• **Data listing**

╔══

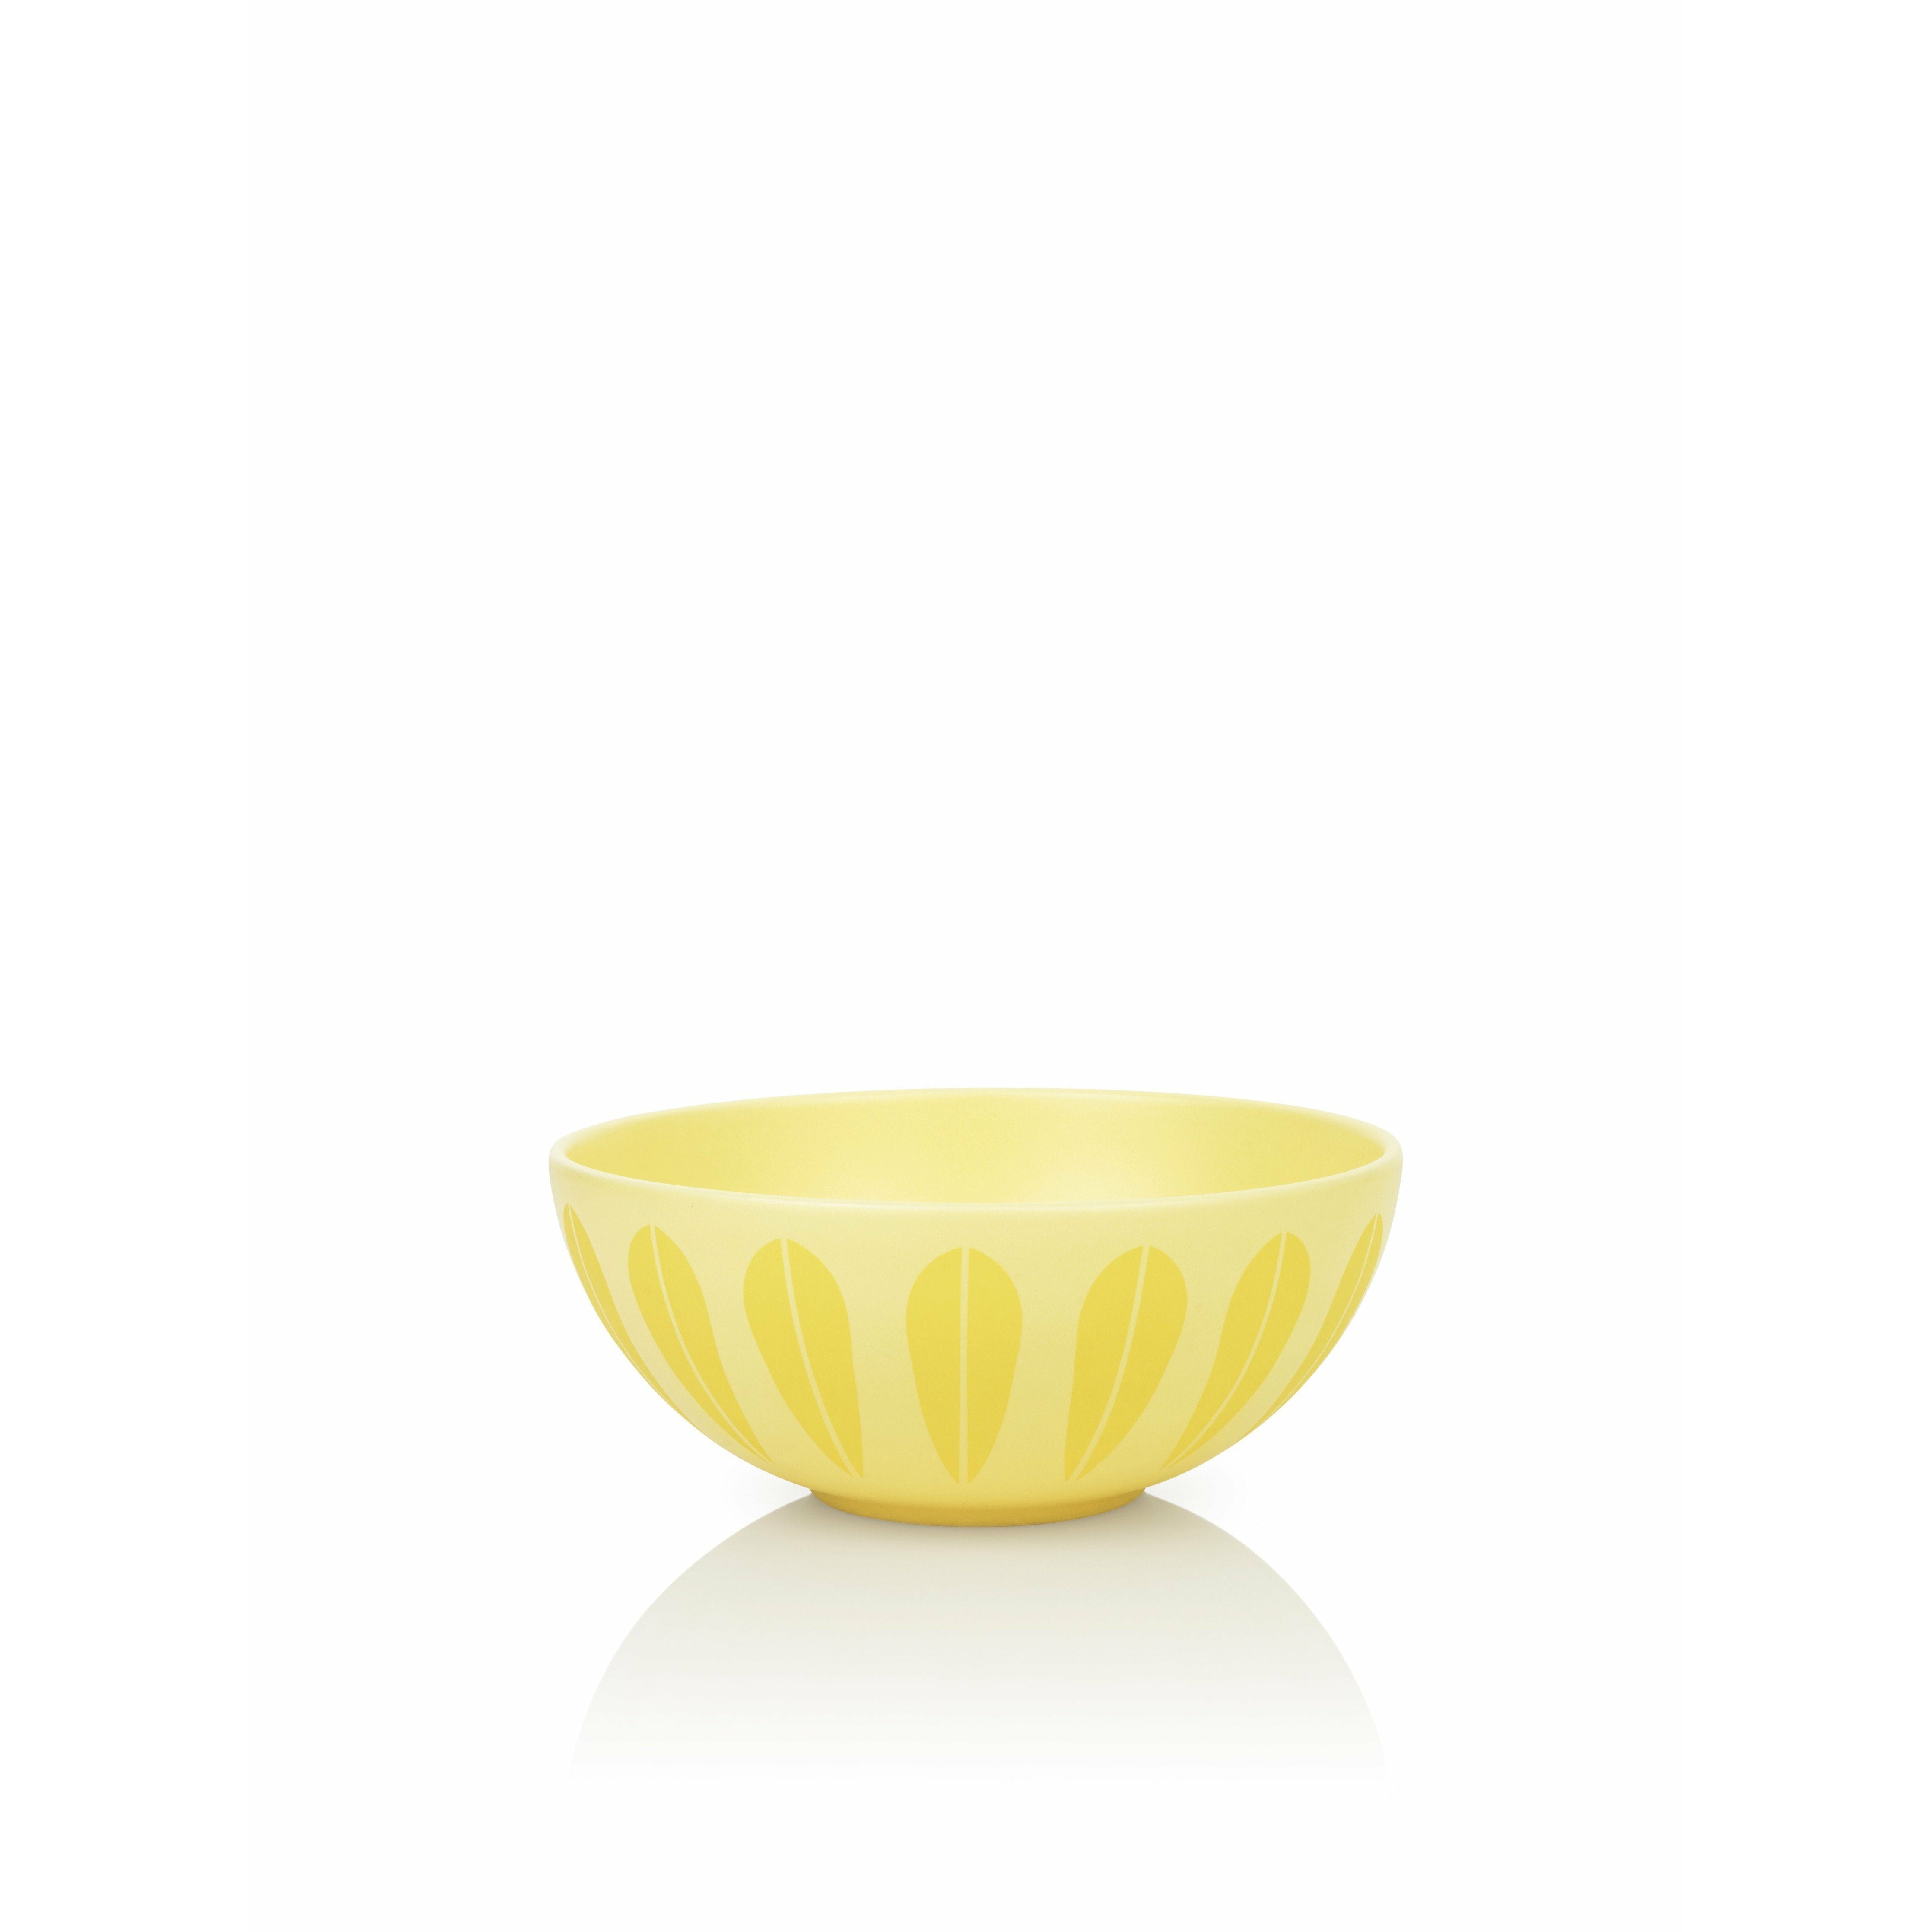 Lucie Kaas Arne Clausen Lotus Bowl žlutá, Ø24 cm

╚══
╔══

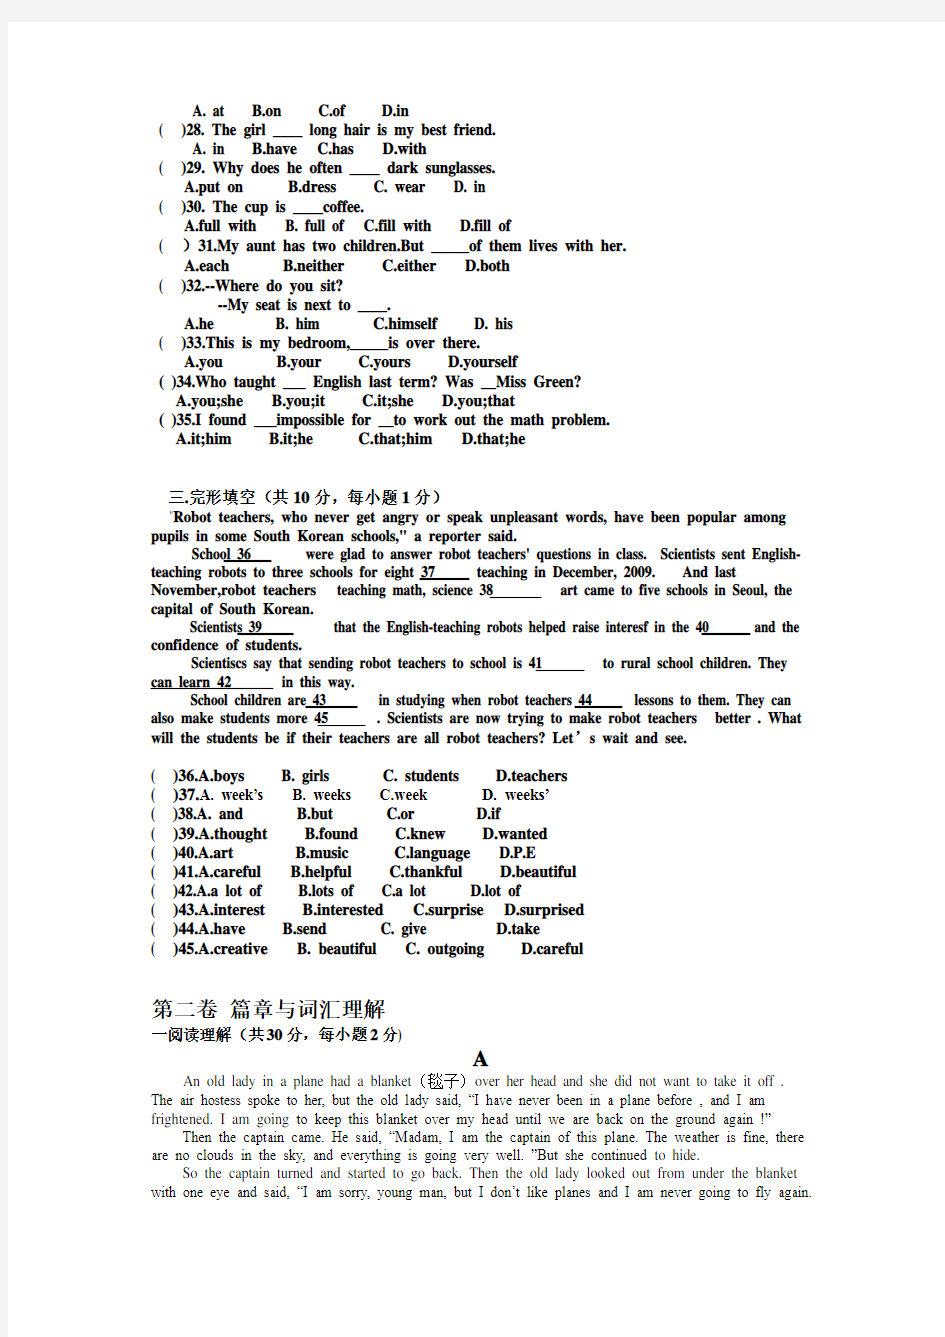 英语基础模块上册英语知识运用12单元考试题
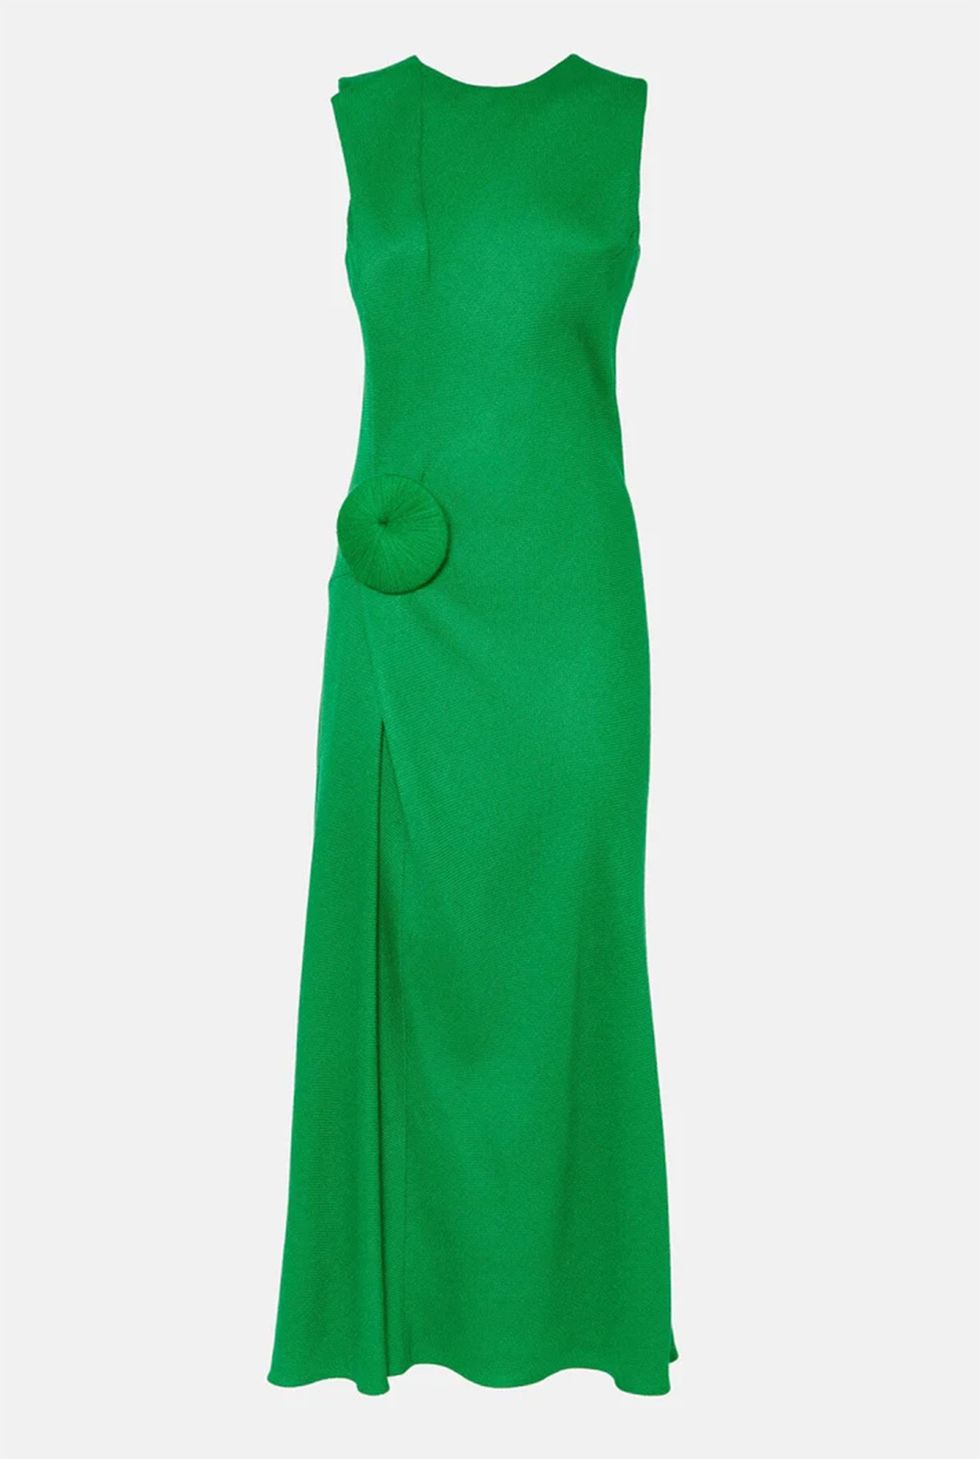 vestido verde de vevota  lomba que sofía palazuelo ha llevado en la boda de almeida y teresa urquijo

╚══

• **Exercise prompt**
When you reach the line containing "英语基础模块上册英语知识运用12单元考试题" in the entries above, begin restating word for word, and stop once the line containing "vestido verde de" has been given. Omit the pictures.

• **Reply to the task**
 英语基础模块上册英语知识运用12单元考试题
 vestido verde de vevota  lomba que sofía palazuelo ha llevado en la boda de almeida y teresa urquijo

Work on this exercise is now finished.